Papa Tom was fastened by two separate threads that wound around two separate buttons, one black and one green, that looked the slightest bit like eyes on some bloated toad. When Maggy unwound the buttons and opened the flab that secured the overstuffed bag, it gave the distinct impression that the toad was opening its mouth to snare a fly. Maggy did not rummage in the bag, nor did she favor the stranger with another look. She leaned against the waist-high wall again, and looked out northwest toward the arboretum.

The clicking returned, this time constant. The strange man had stopped hiding his intent, whatever it was, and was now striding confidently toward her. He could be holding a pistol, or a flower, or a paintbrush she had dropped, or his outstretched hand. It did not matter.

The man was very close. He took a breath to speak. Maggy kicked at Papa Tom idly, and something clattered out of the overstuffed bag. She heard the man’s voice catch, and sense him glancing down at at the flagstones.

A long silence followed. Maggy and the stranger looked at each other. Words had evidently failed him. Maggy did not have much use for words these days.

The stranger turned and walked away. She would never learn what he wanted.

Maggy bent down and picked up the arm. It was only bone now, pocked with mossy green growths that may have once been flesh. Once upon a time she had held it fondly before placing it gently back into the bag. Now, she unceremoniously jammed it back in place and wound the bag shut. It gave the impression of a fat toad closing its jaws over a satisfying meal.

Maggy went home.

It was only just past sundown, but there was a good chance Mama would be sleeping. Maggy opened the front door slowly, spacing out the obnoxious creaks. Someday, they would oil those hinges. Still holding her portrait under her armpit, she waddled through the kitchen and into her cramped bedroom. Even though she rarely cooked, Mama insisted on keeping the stuffy upstairs room to herself, where Grandmama had lived and died. Maggy’s bedroom was larger, but it was filled with paintings.

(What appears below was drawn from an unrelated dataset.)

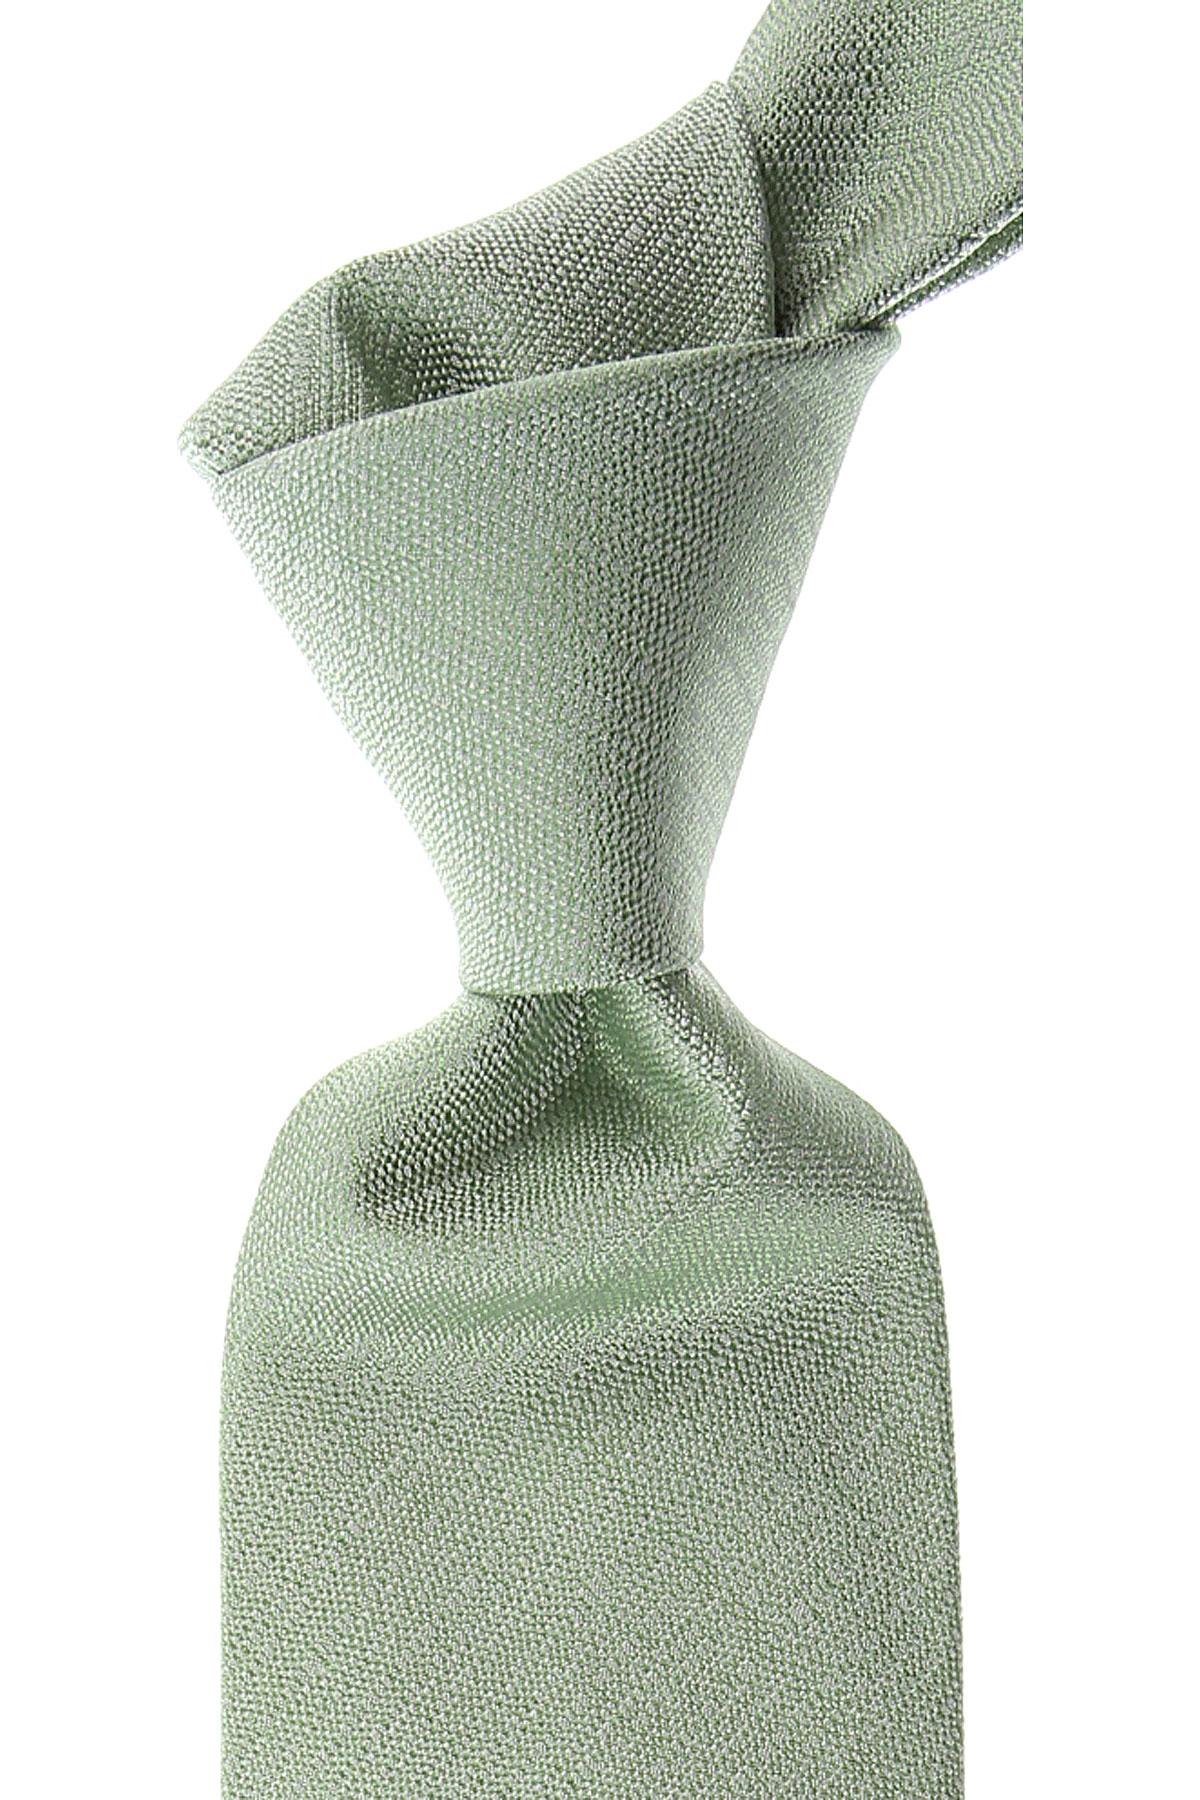 Moschino Cravates Pas cher en Soldes, Light Grass Green Melange, Soie, 2019

Everywhere she looked, Tomas Vellenorn stared back at her, drawn and worn down, poorly attempting to look imperious. There were no imaginings of his beautiful youth, nor copies of his older work modeling for Matilda Savorre back before Maggy was born. There were attempts at different angles, and many different idle plays with color, but they were all the same man, staring out at her, trying above all to maintain his dignity.

Maggy set Papa Tom in the one free corner, then lay the new portrait against a stack of long dried twins. From under her tiny cot, she drew a sheaf of pasteboard and her charcoals. She sat on her cot, charcoal in hand, pasteboard in her lap, and looked at her father. Faintly, she could hear Mama snoring, as ages ago she could hear her grandmama’s moans.

Maggy turned her face away, down at the pasteboard. She began to sketch the outline of a tall man in black, beautiful and terrified, being drawn like a fly into a fat toad’s mouth. The toad looked very satisfied.